On Tue, Mar 31, 2026 at 2:35 AM Lorenzo Stoakes (Oracle) <ljs@kernel.org> wrote:
>
> On Fri, Mar 27, 2026 at 01:54:53PM -0700, Suren Baghdasaryan wrote:
> > Replace vma_start_write() with vma_start_write_killable() in syscalls,
> > improving reaction time to the kill signal.
> >
> > In a number of places we now lock VMA earlier than before to avoid
> > doing work and undoing it later if a fatal signal is pending. This
> > is safe because the moves are happening within sections where we
> > already hold the mmap_write_lock, so the moves do not change the
> > locking order relative to other kernel locks.
> >
> > Suggested-by: Matthew Wilcox <willy@infradead.org>
> > Signed-off-by: Suren Baghdasaryan <surenb@google.com>
>
> I think Sashiko (presumably) has regressed this series :/
>
> > ---
> >  mm/madvise.c   | 13 ++++++++++---
> >  mm/memory.c    |  2 ++
> >  mm/mempolicy.c | 11 +++++++++--
> >  mm/mlock.c     | 30 ++++++++++++++++++++++++------
> >  mm/mprotect.c  | 25 +++++++++++++++++--------
> >  mm/mremap.c    |  8 +++++---
> >  mm/mseal.c     | 24 +++++++++++++++++++-----
> >  7 files changed, 86 insertions(+), 27 deletions(-)
> >
> > diff --git a/mm/madvise.c b/mm/madvise.c
> > index 69708e953cf5..f2c7b0512cdf 100644
> > --- a/mm/madvise.c
> > +++ b/mm/madvise.c
> > @@ -172,10 +172,17 @@ static int madvise_update_vma(vm_flags_t new_flags,
> >       if (IS_ERR(vma))
> >               return PTR_ERR(vma);
> >
> > -     madv_behavior->vma = vma;
> > +     /*
> > +      * If a new vma was created during vma_modify_XXX, the resulting
> > +      * vma is already locked. Skip re-locking new vma in this case.
> > +      */
>
> well you're not re-locking, in vma_start_write_killable() we have:
>
>         if (__is_vma_write_locked(vma))
>                 return 0;
>
> So I'm not sure this is really worth the effort? Was this a sashiko 'find'?
>
> And is 're-locking' the right thing to say here? Probably nitty but that to me
> implies you're locking again when in fact you're just calling the function only
> to check seq nums uselessly and have a nop.
>
> But it's not like we're on a hotpath here where we're sweating every little
> thing, we're already taking the mmap write lock and doing heavy operations
> etc. so not sure we care all that much.
>
> OTOH, it's hardly like this is a bad thing so don't want to hold up series.
>
> > +     if (vma == madv_behavior->vma) {
> > +             if (vma_start_write_killable(vma))

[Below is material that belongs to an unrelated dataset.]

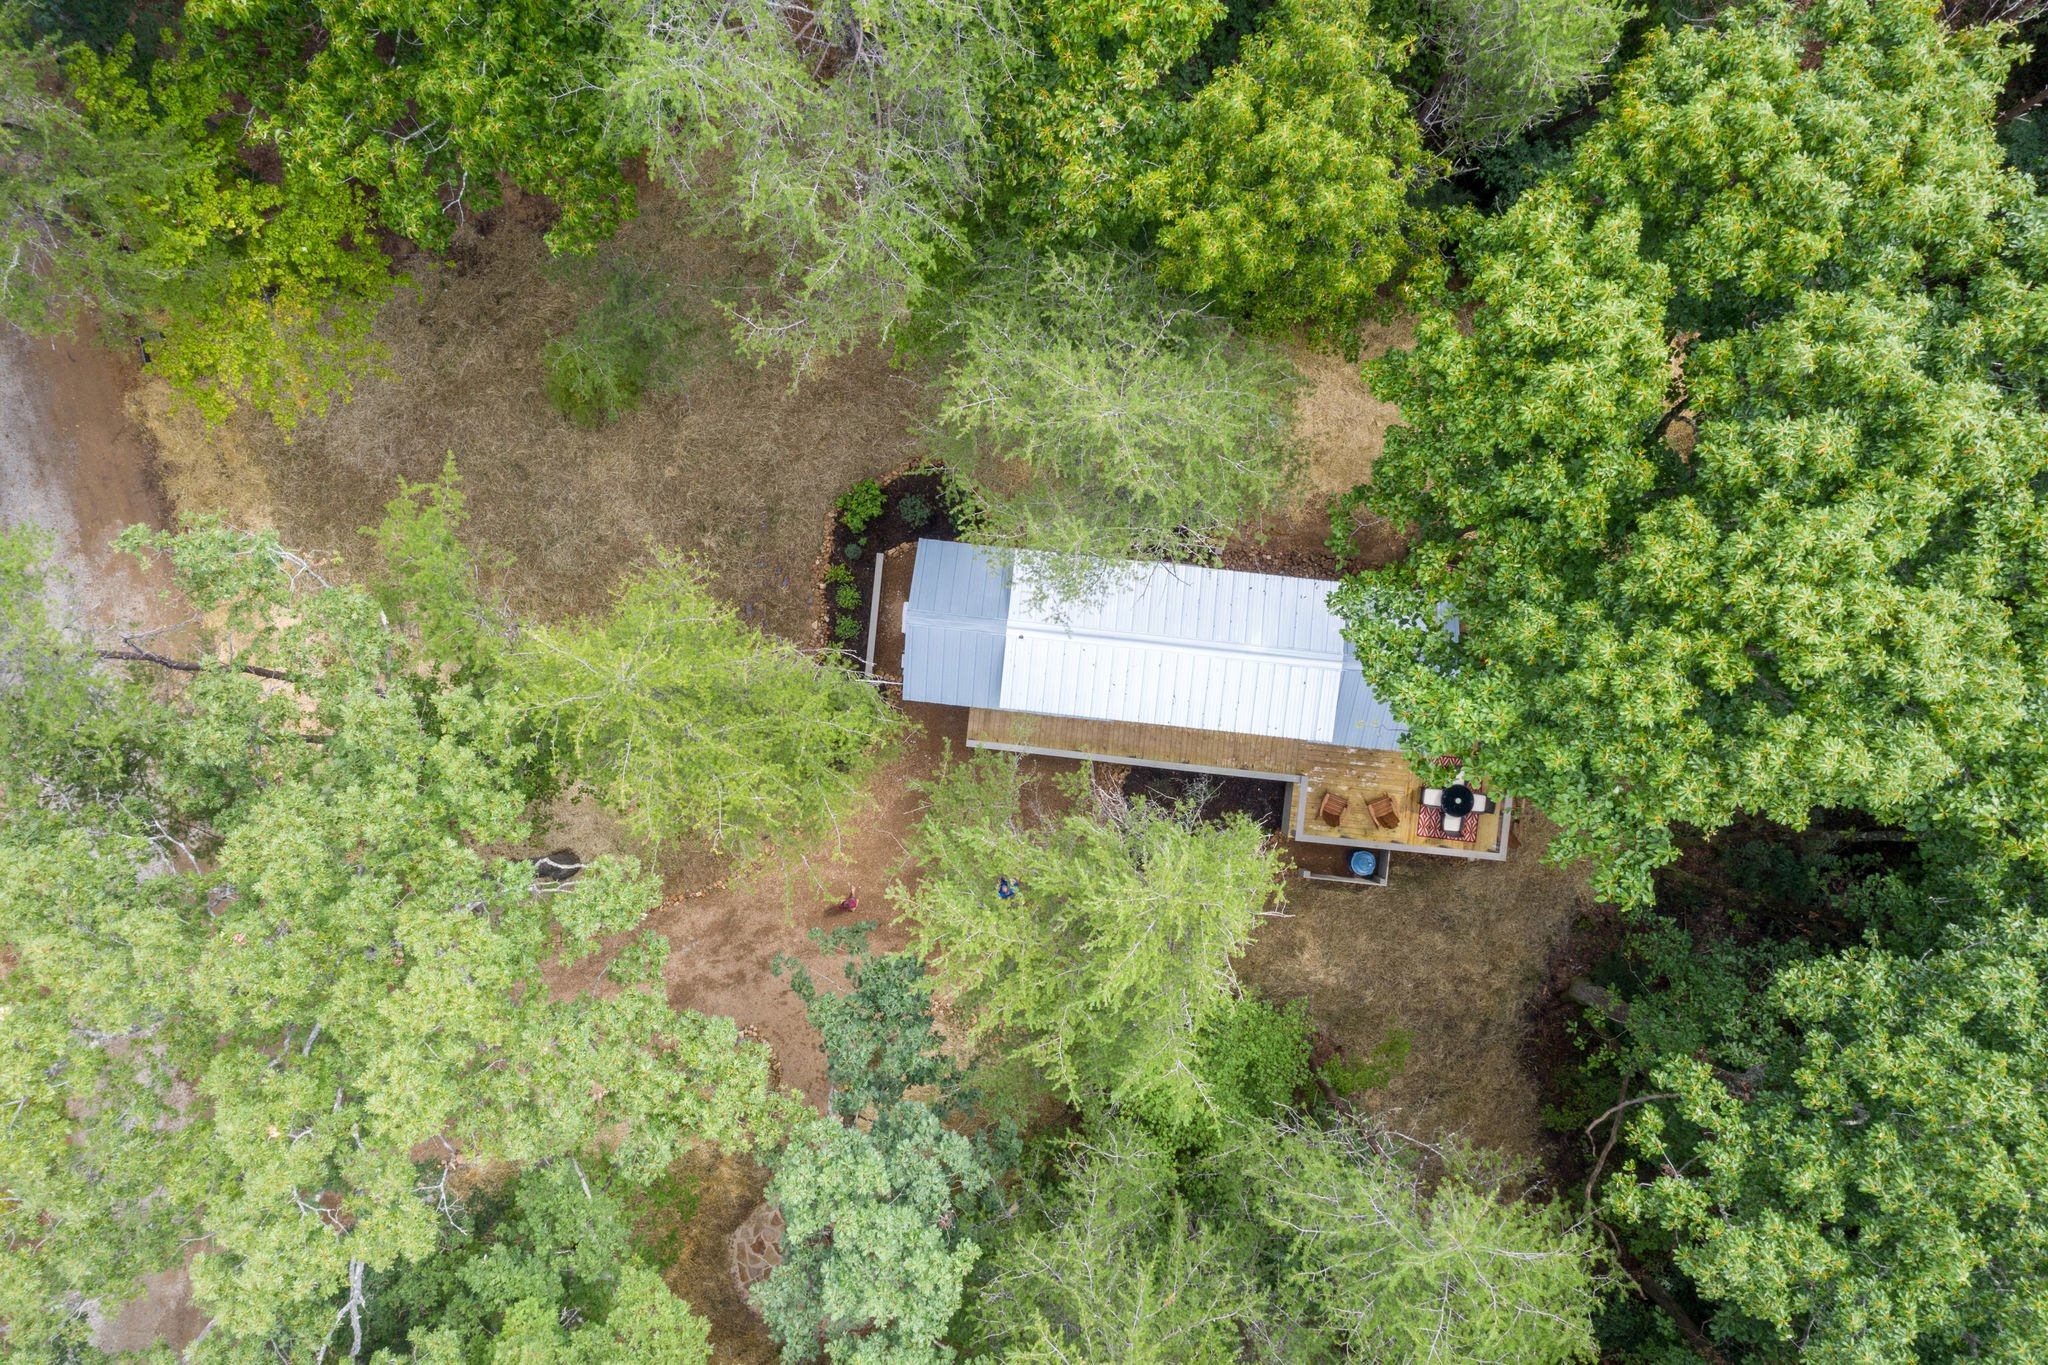 Tiny_home_overhead_tin roof_secluded-2039.jpg

> > +                     return -EINTR;
> > +     } else {
> > +             madv_behavior->vma = vma;
> > +     }
>
> This is kind of ugly.
>
> Can't we just do:
>
>         const struct vm_area_struct *old_vma = madv_behavior->vma;
>         struct vm_area_struct *vma = old_vma;
>
> ...
>         madv_behavior->vma = vma;
>         /* If the VMA didn't change, it isn't locked yet. */
>         if (vma == old_vma && vma_start_write_killable(vma))
>                 return -EINTR;
>
> Instead? That is, assuming we really need to care about this at all.
>
> But I think I don't like this change at all?

Yeah, this was the part I wasn't sure if it's worth adding. With your
vote confirming my scepticism I'll go ahead and remove the parts I
added to avoid extra vma_start_write_killable() call (3 instances in
all) and will post v7.
Thanks,
Suren.

>
> >
> > -     /* vm_flags is protected by the mmap_lock held in write mode. */
> > -     vma_start_write(vma);
> >       vma->flags = new_vma_flags;
> >       if (set_new_anon_name)
> >               return replace_anon_vma_name(vma, anon_name);
> > diff --git a/mm/memory.c b/mm/memory.c
> > index e44469f9cf65..9f99ec634831 100644
> > --- a/mm/memory.c
> > +++ b/mm/memory.c
> > @@ -366,6 +366,8 @@ void free_pgd_range(struct mmu_gather *tlb,
> >   * page tables that should be removed.  This can differ from the vma mappings on
> >   * some archs that may have mappings that need to be removed outside the vmas.
> >   * Note that the prev->vm_end and next->vm_start are often used.
> > + * We don't use vma_start_write_killable() because page tables should be freed
> > + * even if the task is being killed.
> >   *
> >   * The vma_end differs from the pg_end when a dup_mmap() failed and the tree has
> >   * unrelated data to the mm_struct being torn down.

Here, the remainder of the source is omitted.